• [Data block]:
--------------------

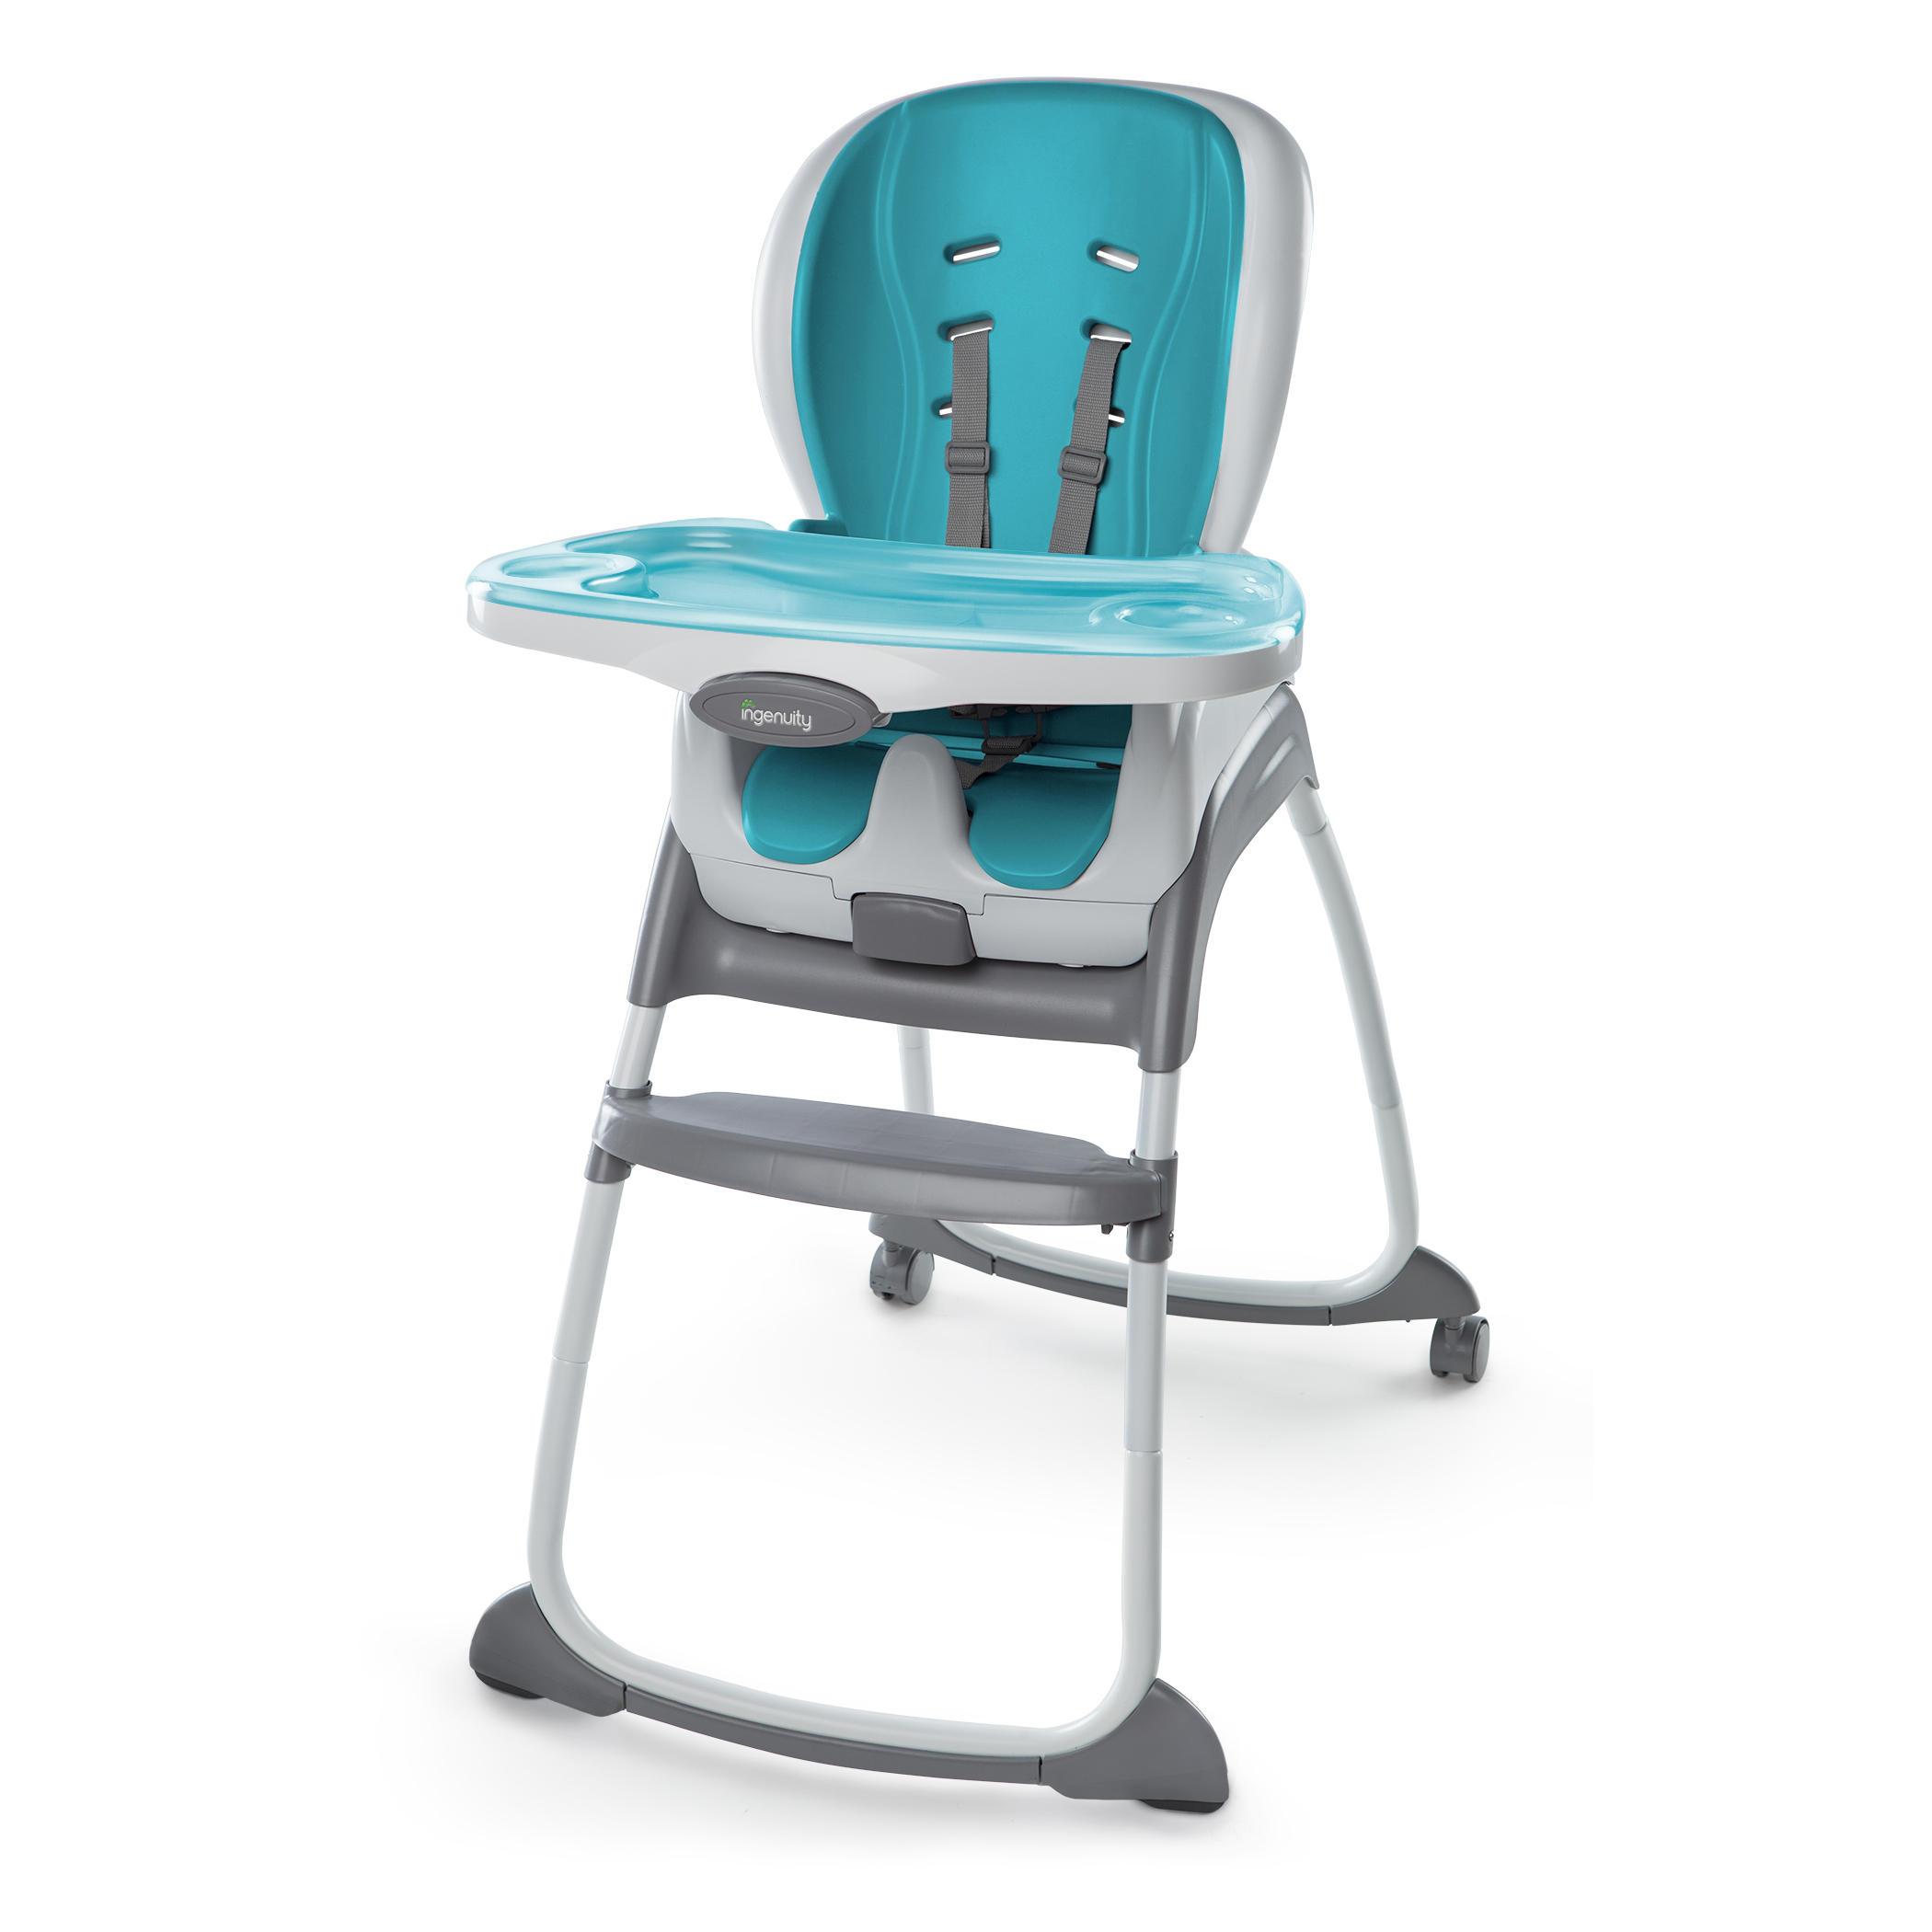 Ingenuity Židle jídelní Trio 3v1 Aqua 6m +, do 22kg, 2016
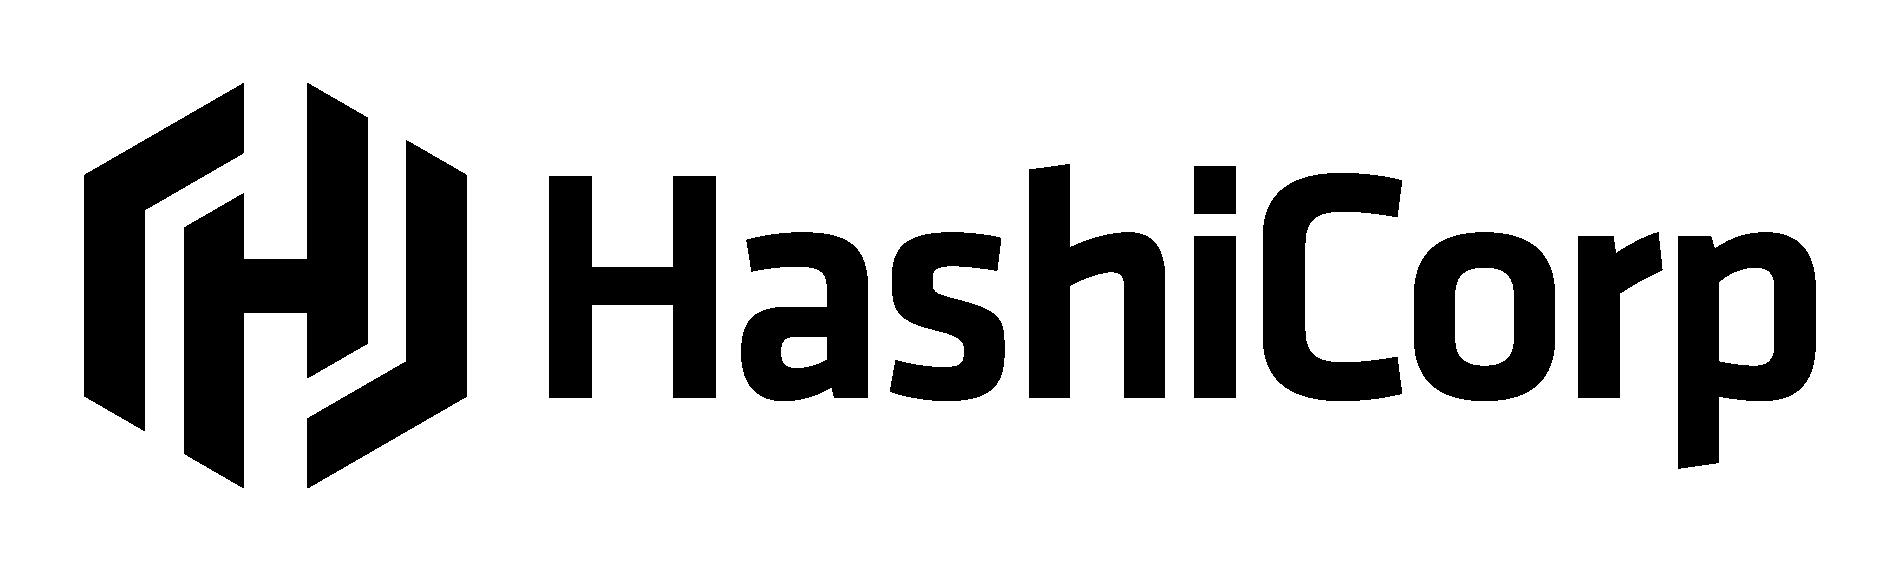 HashiCorp_PrimaryLogo_Black_RGB.png
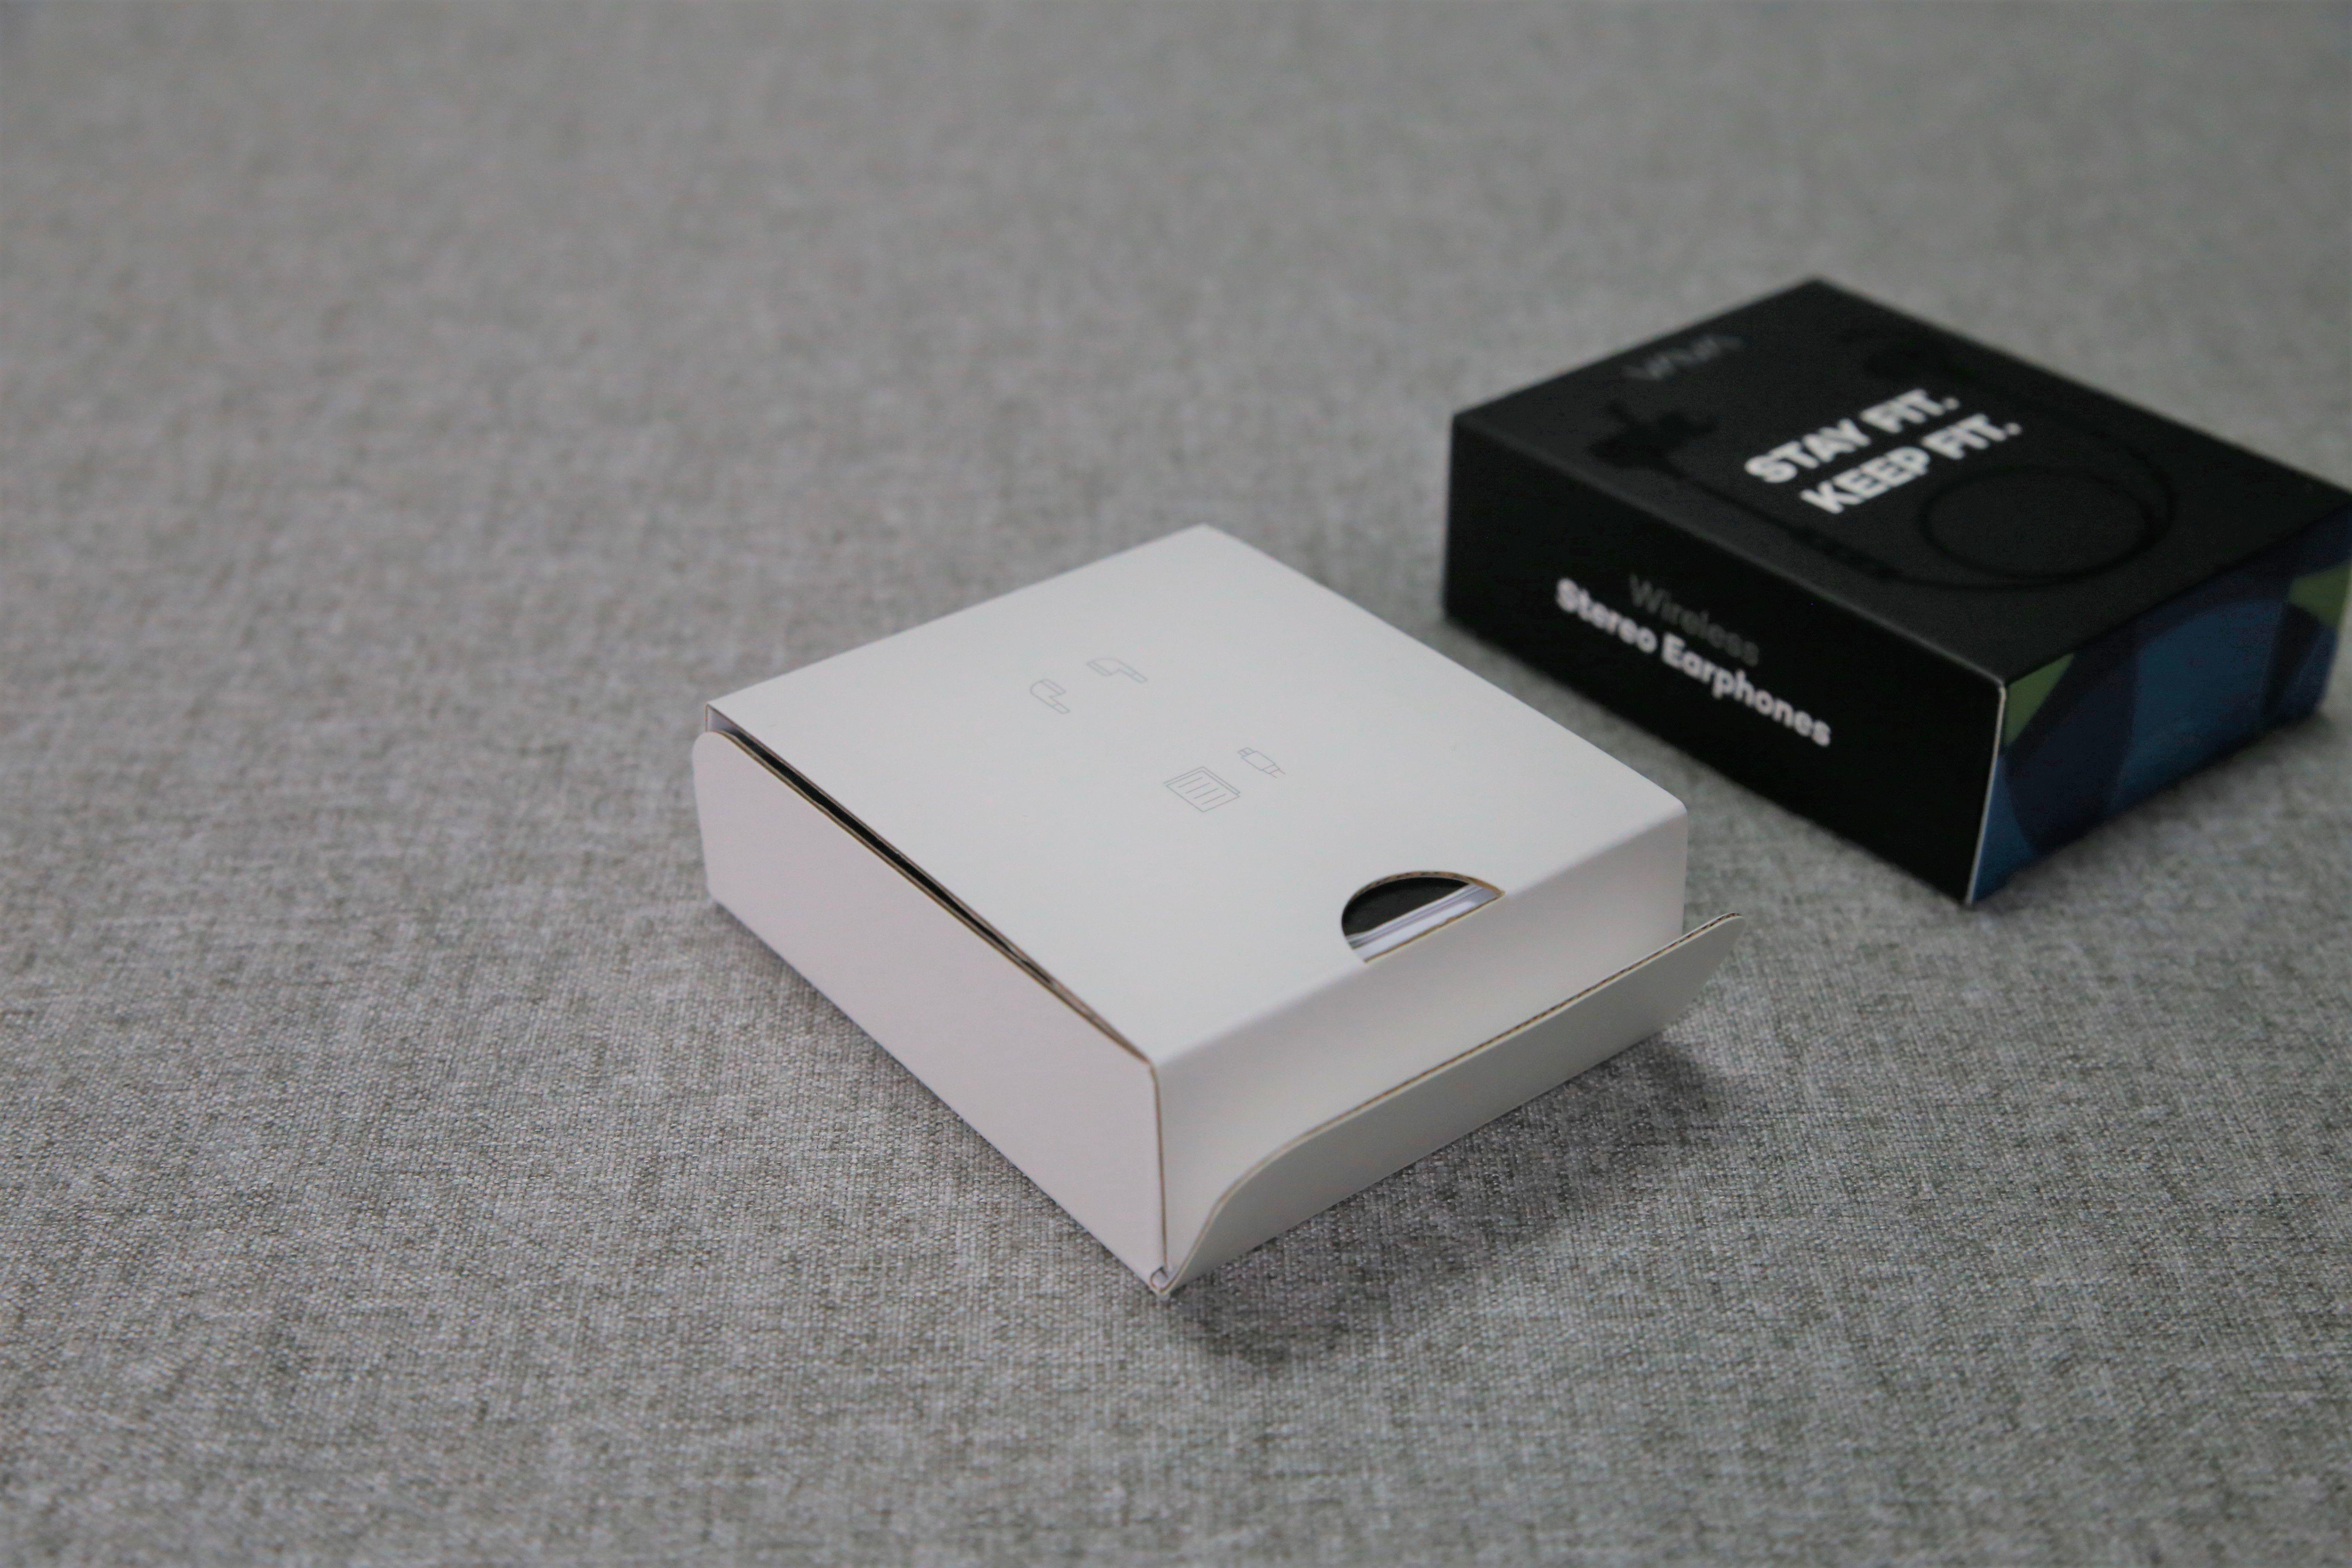 VAVA MOOV 28 磁吸藍牙耳機推薦 - 內盒

--------------------

• [Task brief]:
Without the pictures, output the full listing exactly as it stands.

• [Your solution]:
 Ingenuity Židle jídelní Trio 3v1 Aqua 6m +, do 22kg, 2016
 HashiCorp_PrimaryLogo_Black_RGB.png
 VAVA MOOV 28 磁吸藍牙耳機推薦 - 內盒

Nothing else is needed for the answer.